9And he dreamed another dream, and related it to his father, and to his brethren, and said, Behold, I have dreamed another dream: as it were the sun, and the moon, and the eleven stars did me reverence. 10And his father rebuked him, and said to him,‘What is this dream which thou hast dreamed? Shall indeed both I and thy mother and thy brethren come and bow before thee to the earth?’”  (Brenton)

Be a Berean and study for yourself. Begin to filter your understanding according to the type of Biblical genre you are reading. Is the passage apocalyptic, poetic, historical, Epistolic, Prophetic? Learn this first, then proceed.

Here is a quote from Pastor Mel Lorenz[1]

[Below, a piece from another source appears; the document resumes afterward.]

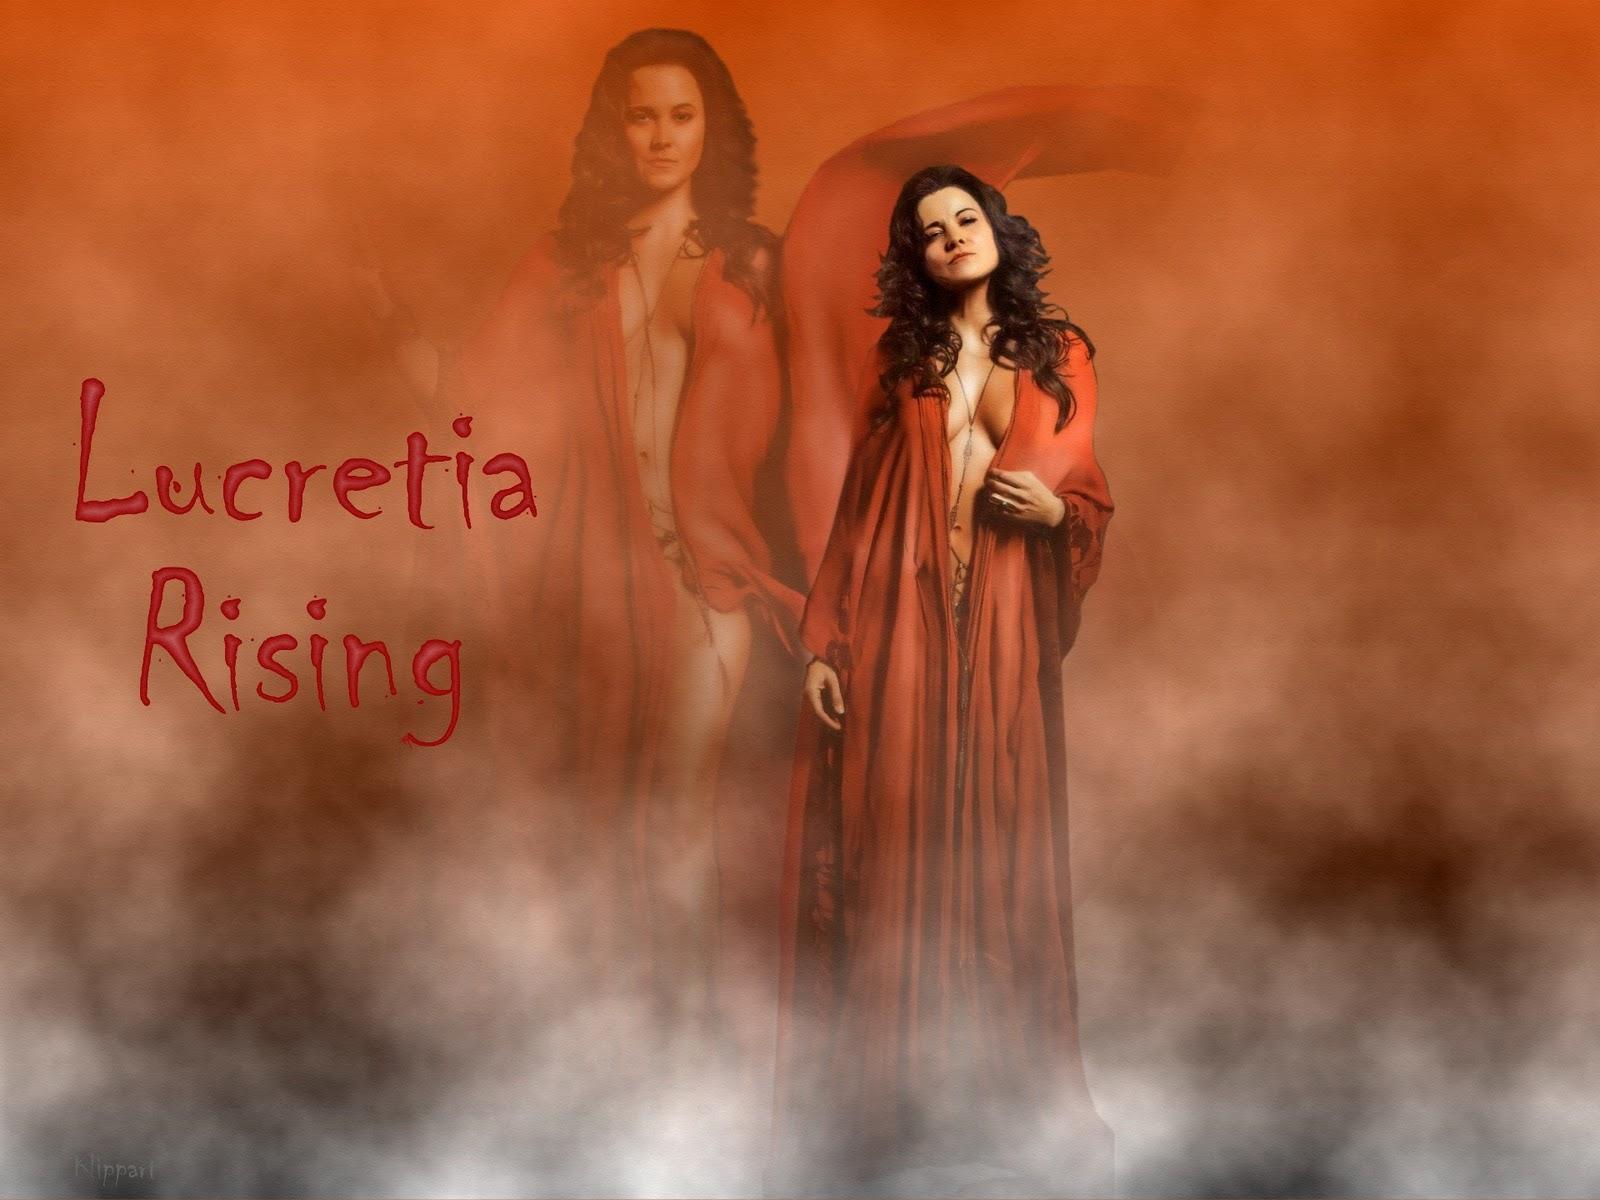 http://4.bp.blogspot.com/-6PmOU_jEv_o/TxJBcjRQDHI/AAAAAAAAE38/y0gb1A5oGag/s1600/Lucretia+Rising.jpg

“Later today I will go to my mailbox, remove its contents, go into the kitchen, and sort the mail. I will be able to tell from the size, packaging, and addresses on the mail which pieces are advertising, bills, and personal mail. This sorting into types helps me discern the value of the different pieces.

There is a large bookstore I frequently visit. I know just where to find histories and biographies, novels and picture books, technical manuals and reference works. Knowing the different genres and where to find them helps me gain what I am looking for.

And when I open the Bible, I know from having studied it for decades whether I am reading a gospel passage, a prophecy, a Psalm, or an epistle. I do not expect Isaiah to lay out the details of the history of Israel as do the books of Kings and Chronicles. I know when I’m studying a Psalm that the forms of a poem or song will help me understand the meaning. And when I read 1 Corinthians I know I’m listening to one side of a two-sided conversation.